Pi
Sabahın köründe kalkmış, kaldığımız pansiyonun önündeki plastik masalardan birinde oturuyor.
“Yine mi uyuyamadın Hakan?” diye sordum.
“Ağustos böcekleri yüzünden,” dedi. “Sabaha kadar susmak bilmediler. Pi…pi…pi… Düşündüm de bu böceklerin çıkardığı sesle pi sayısı arasında bir ilişki olabilir mi?”
Bir sandalye de ben çekip karşısına oturdum. Pansiyoncunun karısı, Kahvaltınızı getireyim mi, diye bağırdı uzaktan.
“Saçmalama oğlum, dedim. Bir kere cır cır diye bağırıyor onlar. O yüzden cırcır böceği de diyorlar ya zaten.”
Kollarına plaj çantalarını takmış, sabahın bu saatinde halk plajında denize yakın bir şezlong bulabilmek umuduyla yollara düşmüş iki kız önümüzden geçti.
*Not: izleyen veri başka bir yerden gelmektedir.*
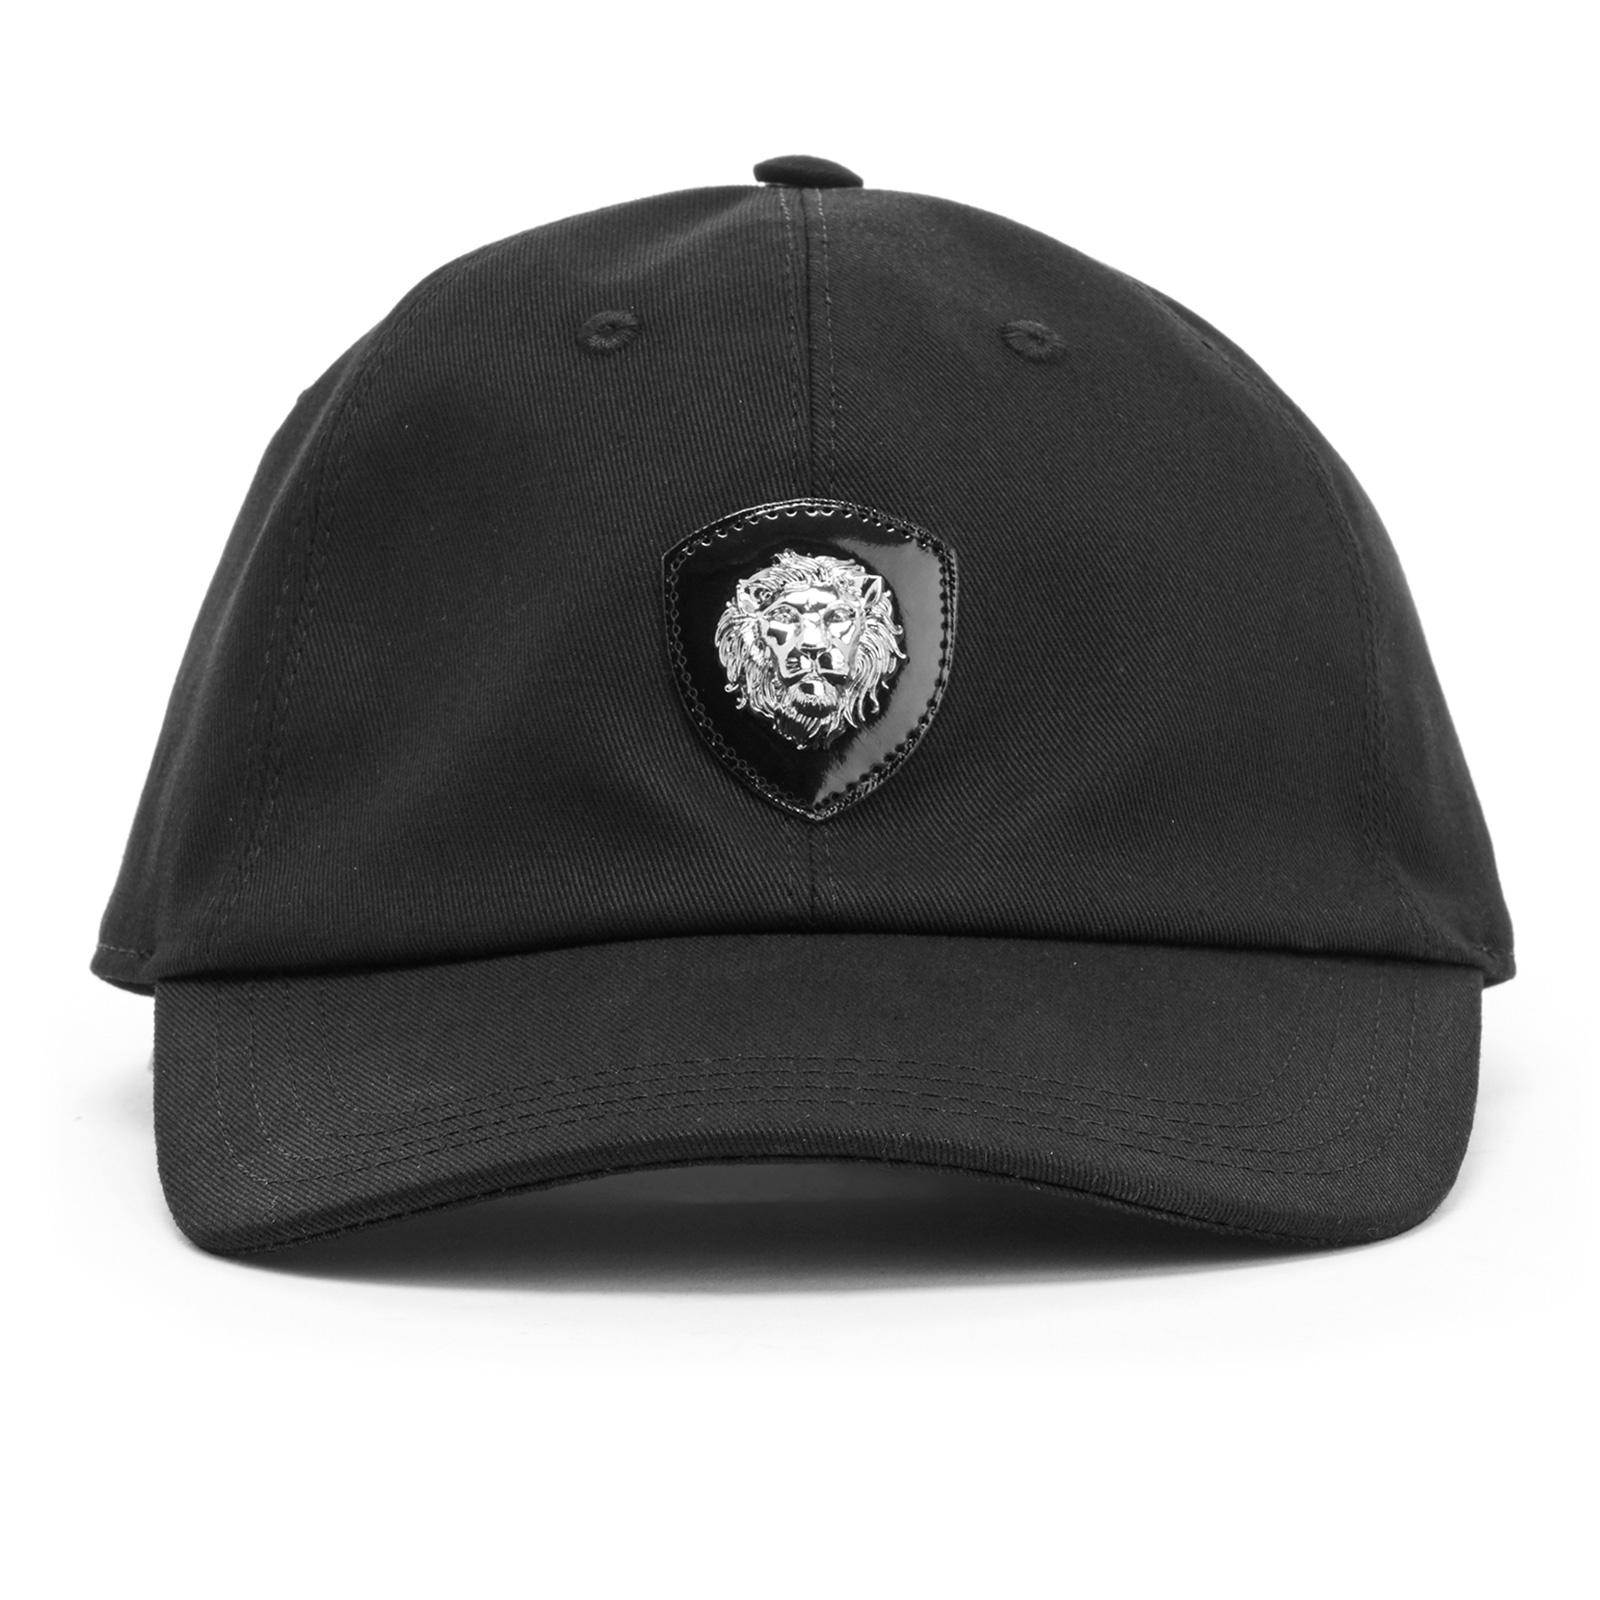 4246819ccdf Versus Versace Men s Lion Logo Cap - Black - Free UK Delivery over £50

Arkalarında bıraktıkları koku parfüm mü yoksa güneş kremi kokusu mu anlayamadık ama hoştu.
“Hem ben bu Pi sayısının nerden çıktığını da biliyorum,” dedim.
Benden önce atılıp cevap verdi, “Evet onu herkes bilir, bir dairenin çevresinin çapına bölümü ile elde edilen irrasyonel matematik sabitidir. İsmi de, Yunanca çevre kelimesinin ilk harfi olan Pi’den –π’den gelir…”
Bu ansiklopedik bilgilendirmeye devam edecekti ki sözünü kestim. “Onu demiyorum ulan. Senin aklına Pi’nin nerden takıldığını biliyorum.”
Merakla yüzüme baktı. Yolun karşı tarafındaki beş yıldızlı tatil köyünün altın harflerle yazılmış giriş kapısını gösterdim; “Pi Resort Hotel”
Güldü. “Doğru be, hiç fark etmemiştim ama bilinçaltıma işlemiş demek. Ben de bütün gece düşündüm durdum.”
“Senin sorunun bu zaten,” dedim. “Çok fazla düşünmek.”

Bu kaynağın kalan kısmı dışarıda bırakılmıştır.